Last week, the S&P 500 gained 1.6% after swinging wildly in both directions. Investors tried to predict the impact of the economic data on Fed policy. Weakness in factory activity and fewer job openings spurred stocks to rally. The gains shrunk after the September jobs report. Wall Street awaits a big week that marks the start of the third quarter earnings reporting season. The economic calendar includes data on inflation and minutes from the Fed’s last interest rate policy meeting.
The S&P 500 swung by nearly 3%, up and down, on three of the five days last week as investors tried to assess the impact of economic data on interest rates.
Stocks started the week of October 3 with a bang as bond yields tumbled in response to weaker-than-expected manufacturing data and fewer job openings.
The Institute for Supply Management (ISM) reported that its manufacturing index fell to 50.9 in September, its lowest since May 2020. Economists surveyed by Dow Jones expected a reading of 52.0.
The Bureau of Labor Statistics reported a decline of over 1 million job openings in August to 10.1 million. The tally trailed FactSet’s estimate by 1 million.
A sizeable part of the gains in stock price reversed later in the week as comments from Federal Reserve officials and economic data raised interest rate worries.
The Presidents of Chicago, New York, and San Francisco Federal Reserve said inflation is troublesome. They insisted that the central bank would continue to raise interest rates to combat inflation.
Further, the ISM reported that its services index declined by a modest 0.2% in September to 56.7 after its employment component rose by 2.8%. Economists had expected the index to fall by 1.0% to 56.0.
The S&P 500 dropped 2.8% after the Labor Department released the September jobs report on Friday. The report showed the U.S. economy added 263,000 jobs in September, slightly below consensus economists’ estimate of 275,000. Yet, the unemployment rate fell to 3.5% from 3.7% in August. Average hourly earnings rose 0.3%.
Investors surmised Fed officials would raise interest rates aggressively to combat the support inflation is getting from continued growth in the number of jobs and wages.
For the week ending October 07, the S&P 500 (SPY) rose 1.6%. Seven of the 11 sectors gained.
Energy (XLE) gained the most, while real estate (XLRE) lost the most.

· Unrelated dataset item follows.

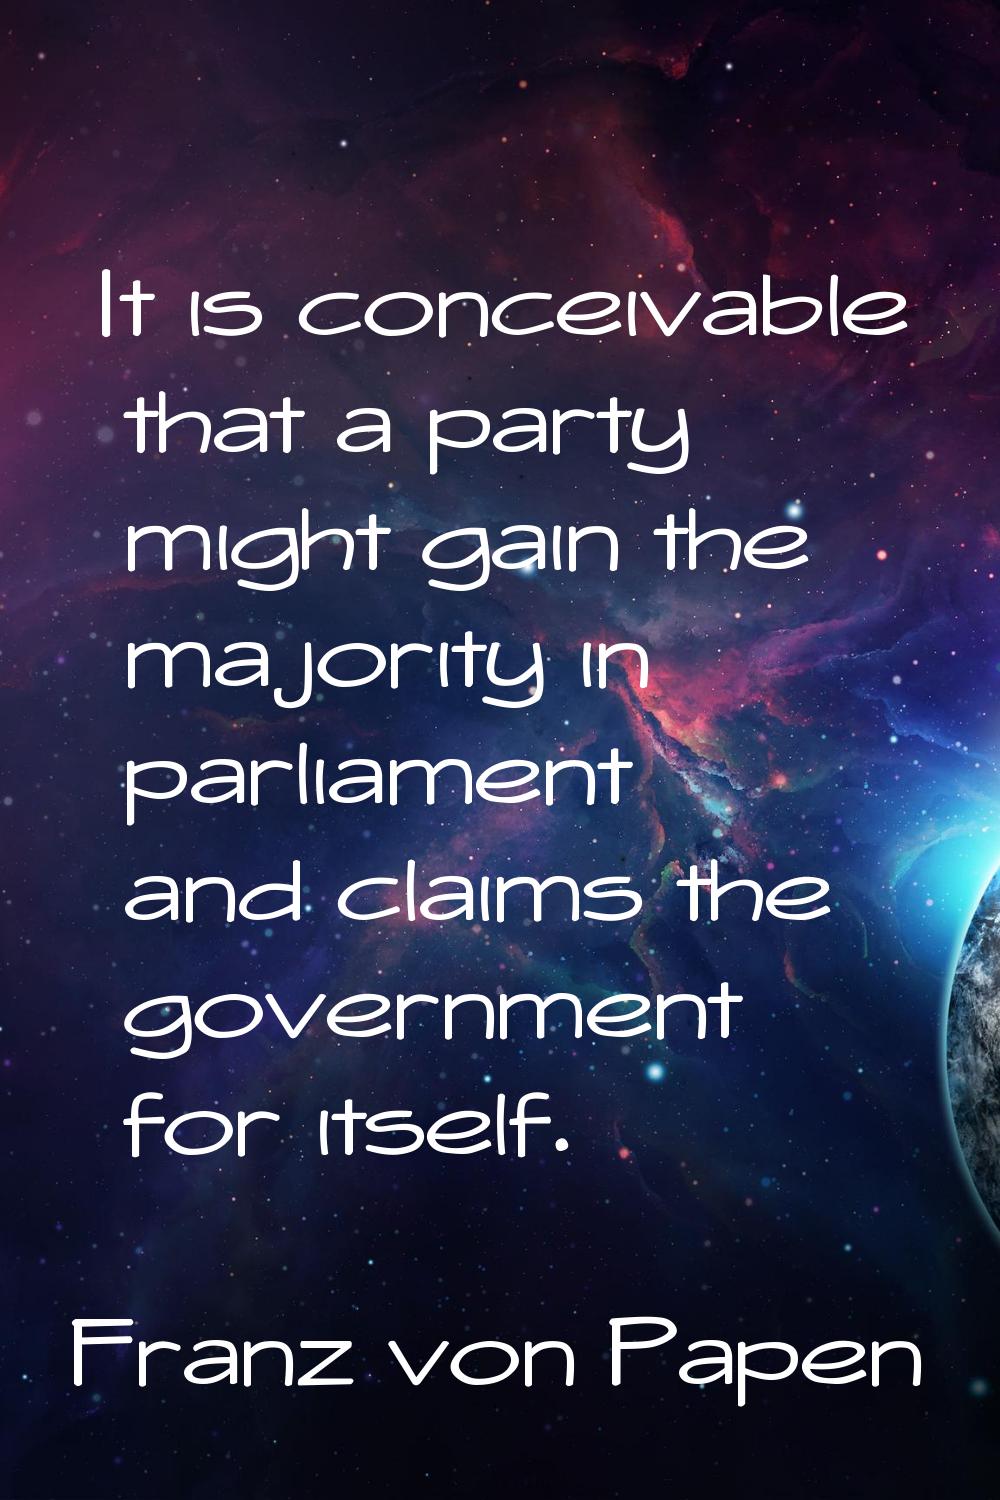 It is conceivable that a party might gain the majority in parliament and claims the government for 
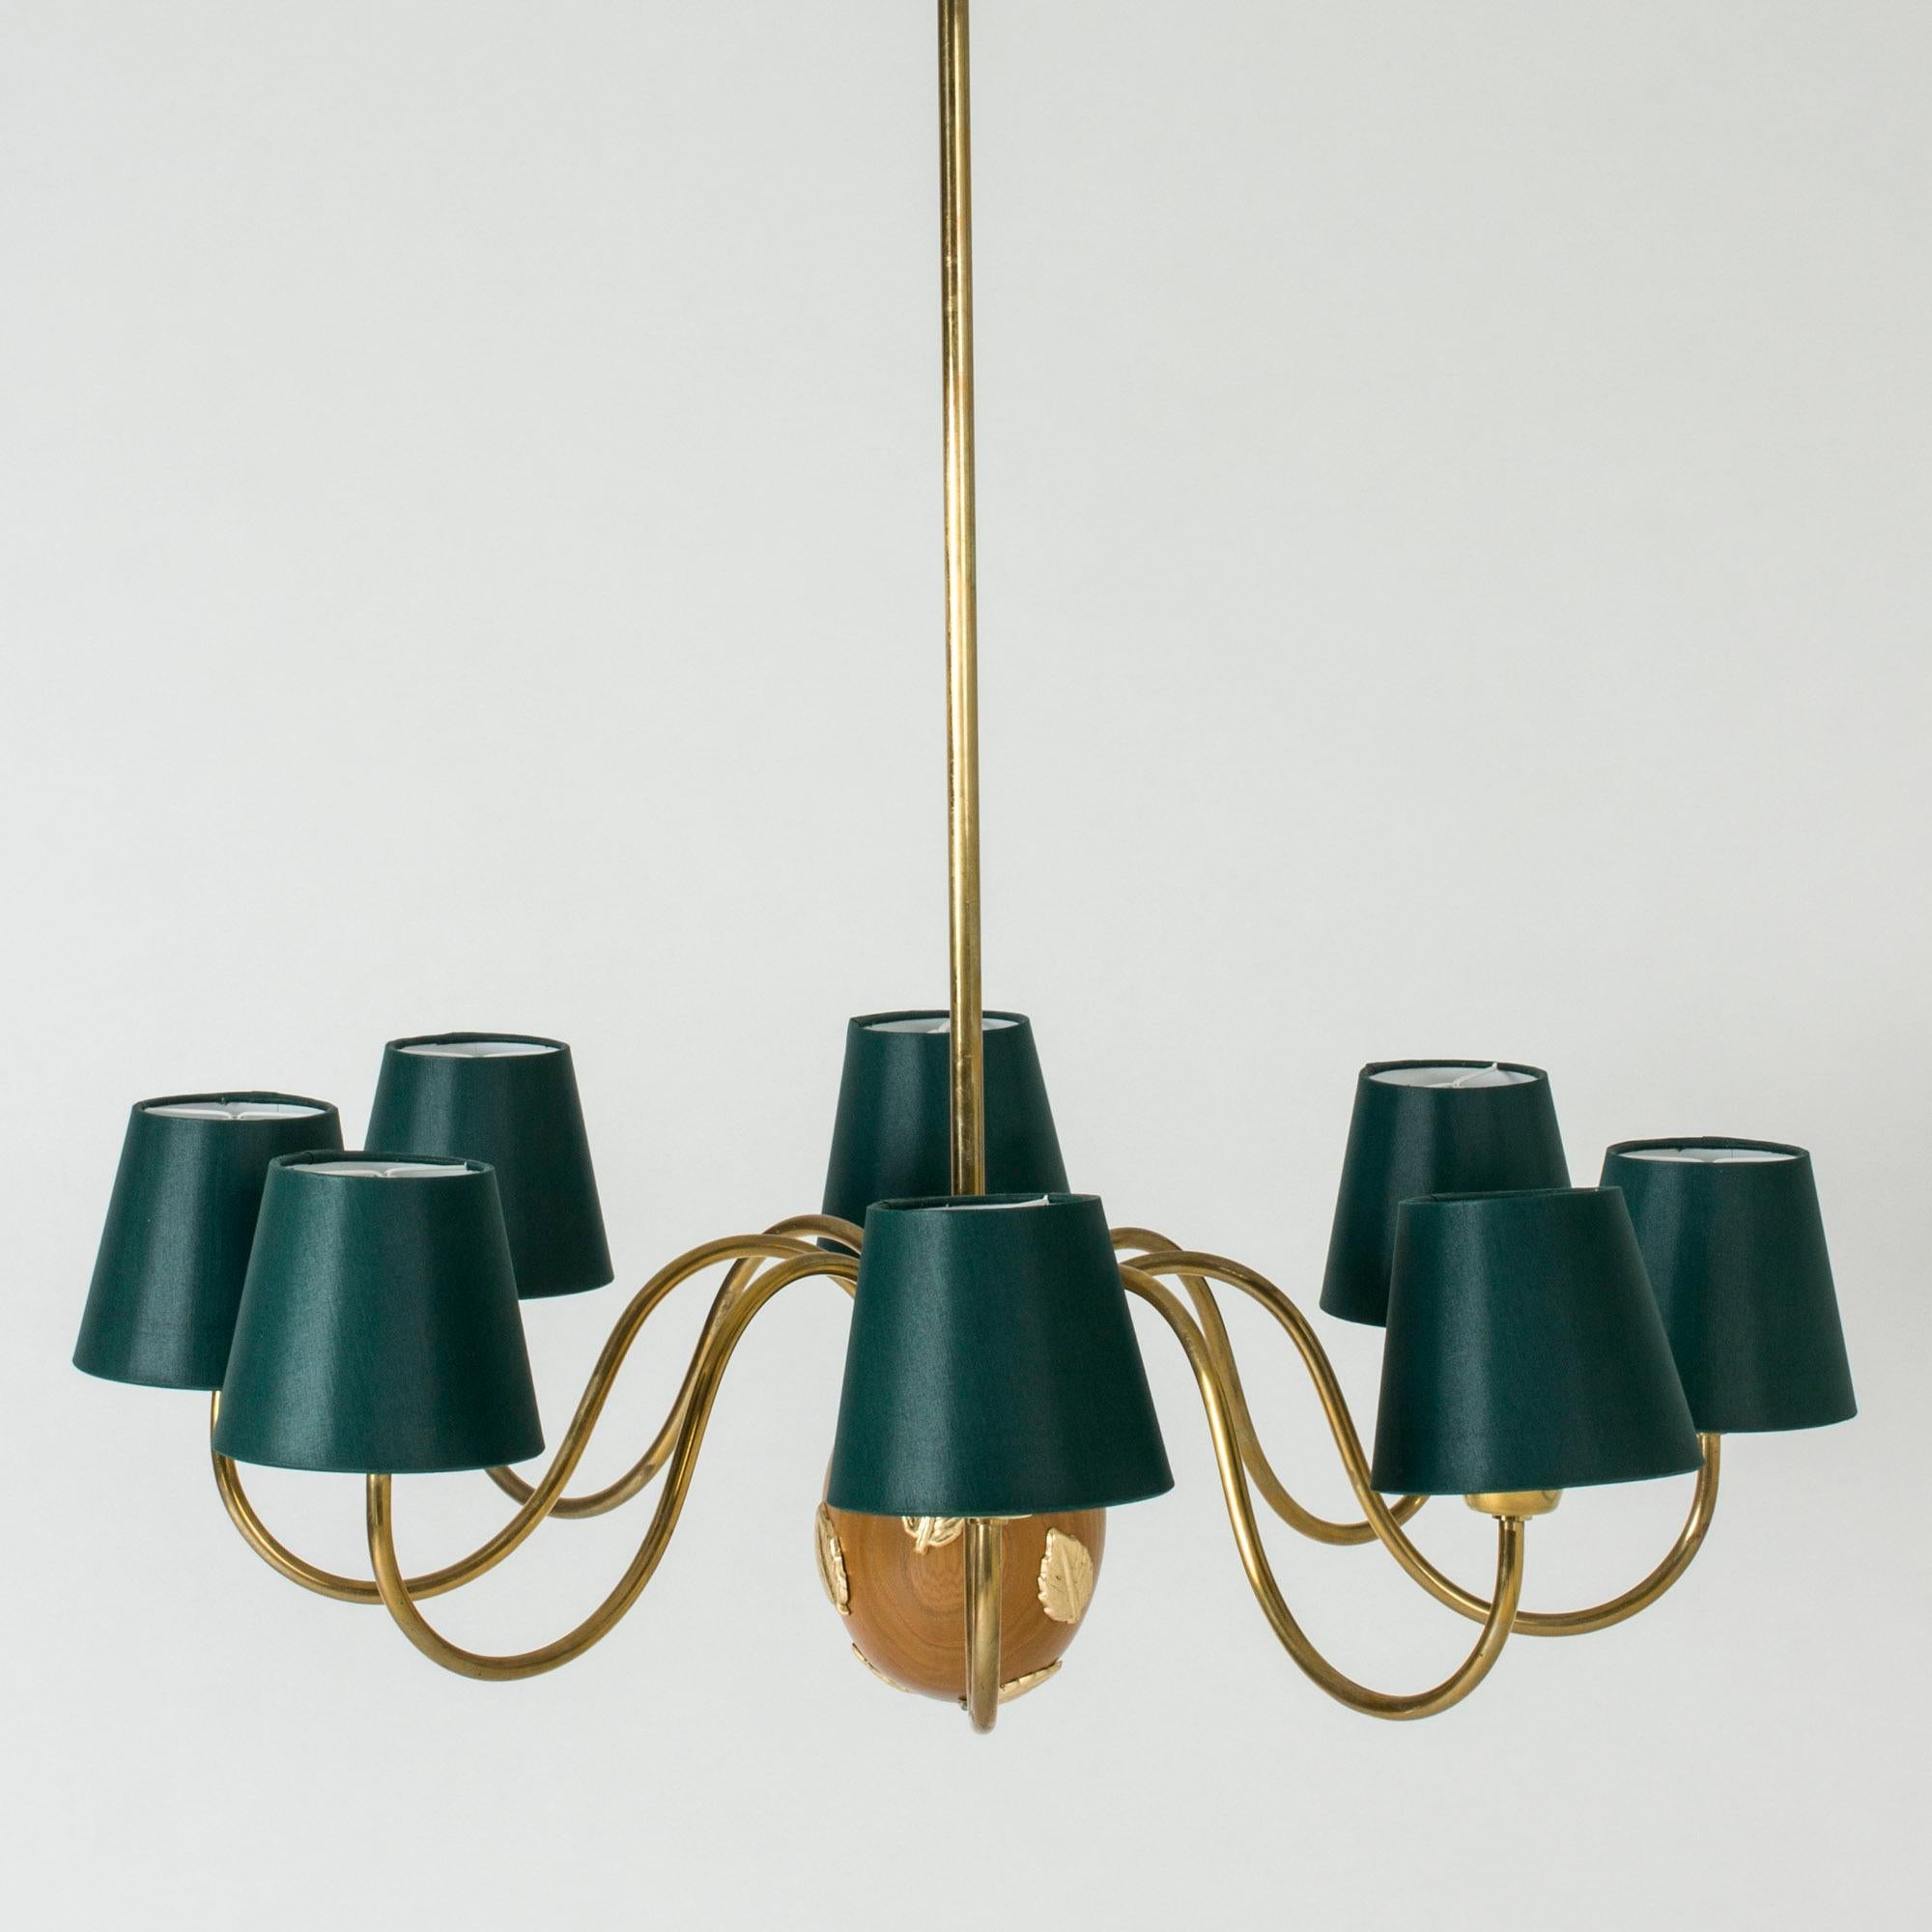 Vivacious brass chandelier with eight arms by Hans Bergström. The center of the chandelier is an acorn-shaped mahogany piece, decorated with beautiful brass leaves.

The S&P 500’s top 10 winners included the following:
1. Health Care Sector
- DexCom (DXC) +27% – The week’s top performer in the S&P 500.
2. Energy Sector
- APA Corp. (APA) +24%
- Marathon Oil (MRO) +24%
- Halliburton (HAL) +24%
- Devon Energy (DVN) +20%
- Schlumberger (SLB) +19%
- Pioneer Natural Resources (PXD) +19%
- Diamondback Energy (FANG) +18%
- Hess Corp. (HES) +18%
3. Consumer Discretionary Sector
- Wynn Resorts (WYNN) +16%
Top ETFs for the week
The following ETF themes worked well: energy in various flavors including oil services, oil & gas exploration, oil, and natural gas. The top ETFs for the week include:
- VanEck Oil Services ETF (OIH) 17.1%
- United States Oil Fund, LP (USO) 15.0%
- SPDR S&P Oil & Gas Exploration & Production ETF (XOP) 14.3%
- First Trust Natural Gas ETF (FCG) 13.6%
- Energy Select Sector SPDR Fund (XLE) 13.6%
Wall Street Awaits a Big Week Starting on October 10
* The third quarter earnings reporting season kicks off this week. Investors will focus on the earnings reports from the financial sector as several big names, including JPMorgan Chase, Morgan Stanley, BlackRock, and Citigroup, report this week. According to FactSet, analysts expect financial sector earnings to fall 13.5% this quarter. PepsiCo, Taiwan Semiconductor, Delta Air Lines, and UnitedHealth report outside the financial sector.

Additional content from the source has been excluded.